# AR Sites



## Ooh-Rah (Jul 7, 2015)

Any opinion about these sites?  

Seller is asking $120 - shipped.
http://www.amazon.com/Vortex-Optics-StrikeFire-Cantilever-SF-RG-501/dp/B00MAJKX9M

I'm a newb to all these electronic optics,and  and this seems like a very fair price.  What are your thoughts on why it is not selling?  Is it really the idea that if it is not one of the big expensive brand names then it cannot be a quality site?

My limited knowledge makes me wonder if it is because it is 4 MOA vs. 2 MOA?

Pretty sure I still want to get a 2MOA for my rifle, but I am wondering your opinion on how this might work on a home defense shotgun?


----------



## DA SWO (Jul 7, 2015)

I'd go to Midway or Brownells and compare before buying off Amazon.
I am not saying don't buy it, but check to see if the other companies have something similar.
I'd also check the reviews, starting with the 1-star nd working my way up.


----------



## Ooh-Rah (Jul 7, 2015)

I should have been more clear -  seller is someone I know on another forum, price is $120 shipped.

I linked the Amazon ad to show the scope. Was not sure about Shadow Spear policy in linking to another forum's classifieds.

Doing some additional research, it looks like I'd want to go with a reflex site for my shotgun.  

In regards to the sight above, I guess you get what you pay for - 4MOA for $200 or 2MOA for about $400 -


----------



## Centermass (Jul 7, 2015)

Ooh-Rah said:


> Any opinion about these sites?
> 
> I am wondering your opinion on how this might work on a home defense shotgun?



If it's a SBS or sawed off, 40MOA would suffice.......lol


----------



## Ooh-Rah (Jul 7, 2015)

Fuck - I need to stop writing as I think - all fucking garbled.

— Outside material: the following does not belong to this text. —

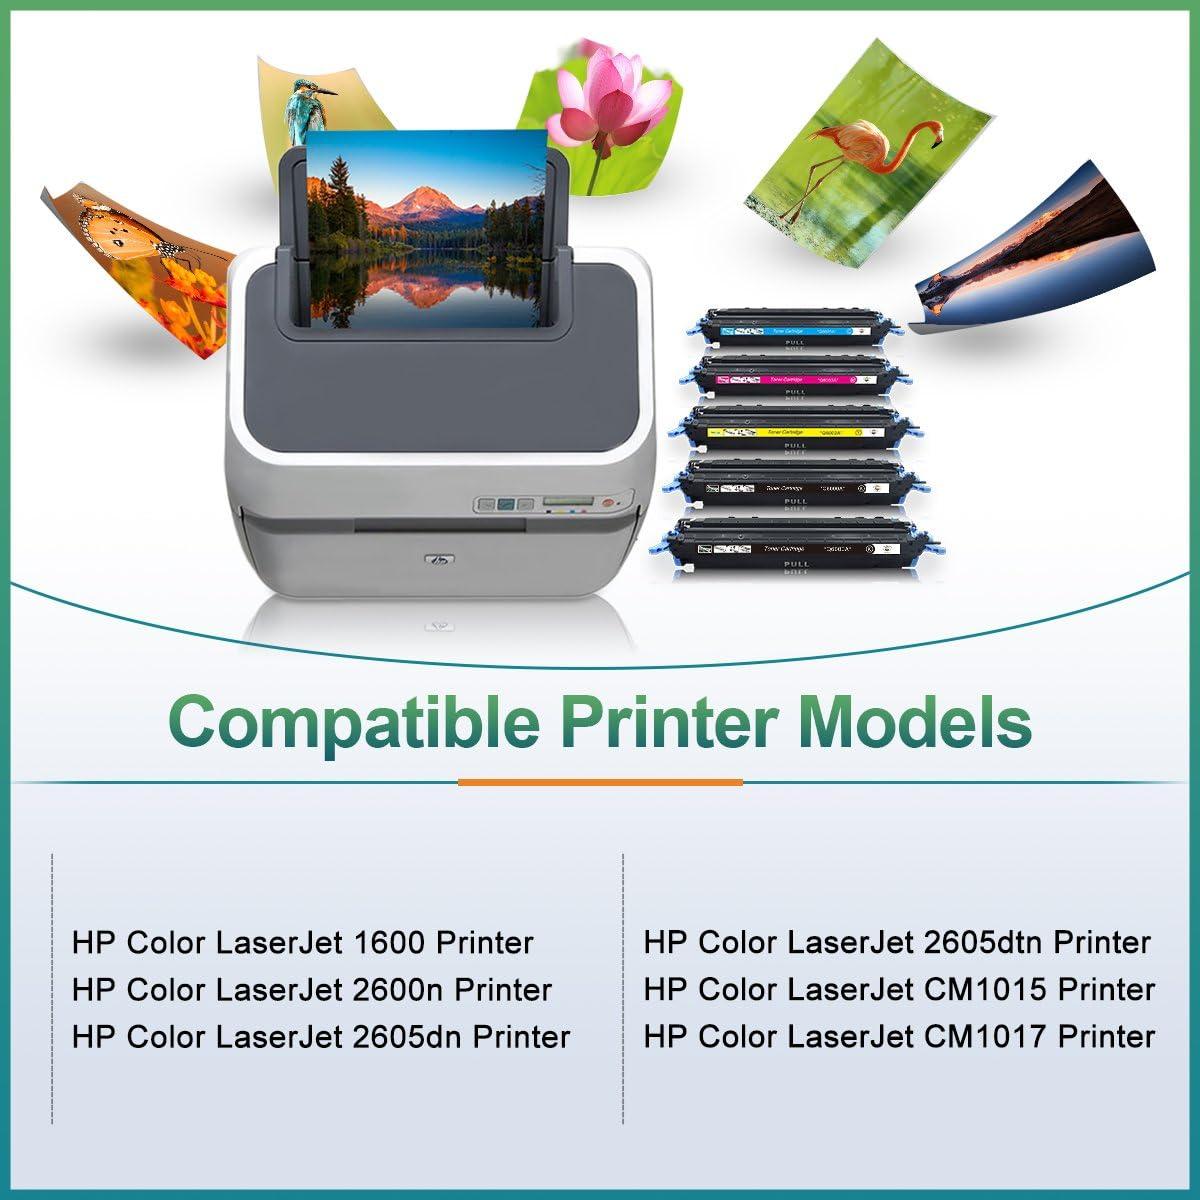 Magenta Toner Cartridge for HP 124A Q6003A LaserJet 1600 2600n 2605dn CM1017mfp
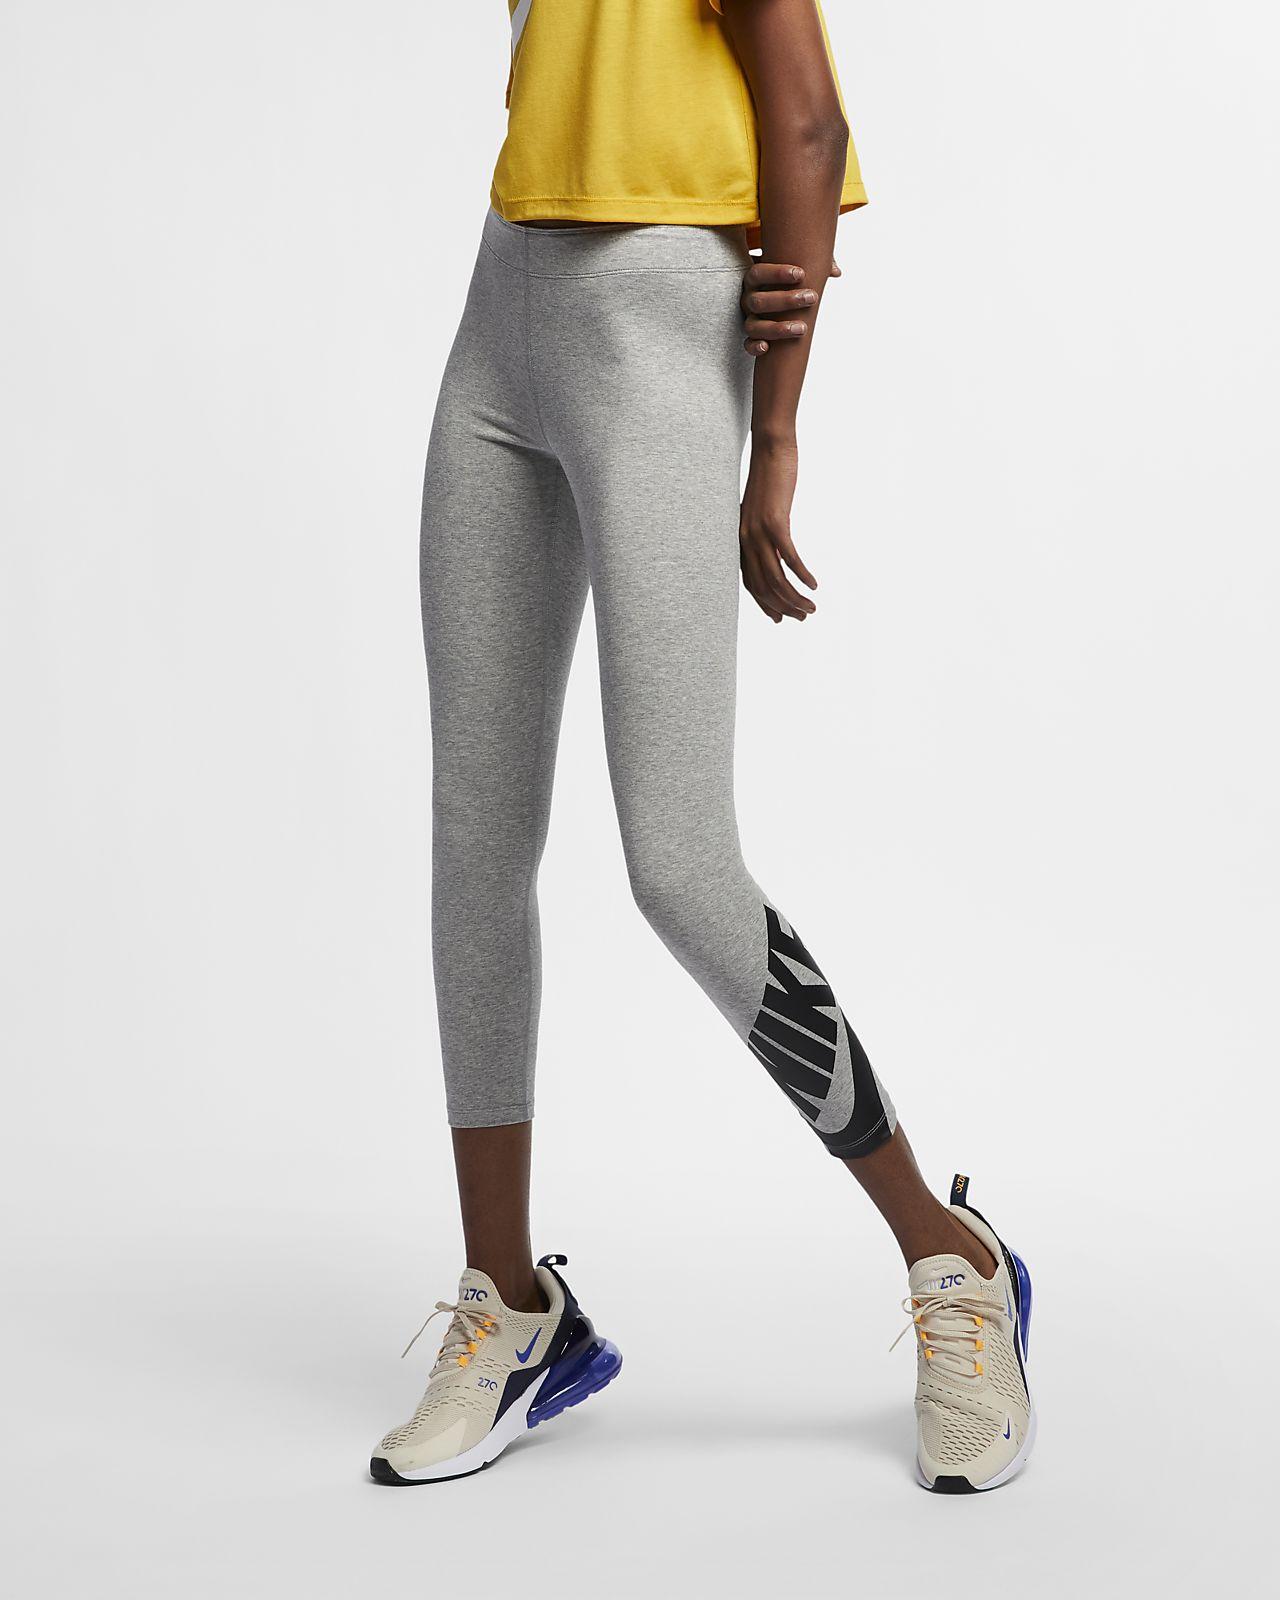 537f474616 Nike Sportswear Leg-A-See Women's 7/8 Leggings. Nike.com GB

Was talking about using a reflex for the shotgun and the site for the AR - realistically I won't be shooting it much further than 200 meters anyway - 

For that price I'm going to buy it and give it a try on the AR


----------



## Diamondback 2/2 (Jul 7, 2015)

http://www.google.com/url?q=http://...HTggMw&usg=AFQjCNFciEazBowubuLCzPlUf_Cc4rN1ug


Do some google/youtube research on the Vortex red dot's. I know several SPARC's have failed in classes, and its gotten pretty crap reviews buy people who actually used them.

This Black Spider red dot is built by Spike Tactical and has some interesting torture teat reviews on YouTube.

$.02


----------



## Diamondback 2/2 (Jul 7, 2015)




----------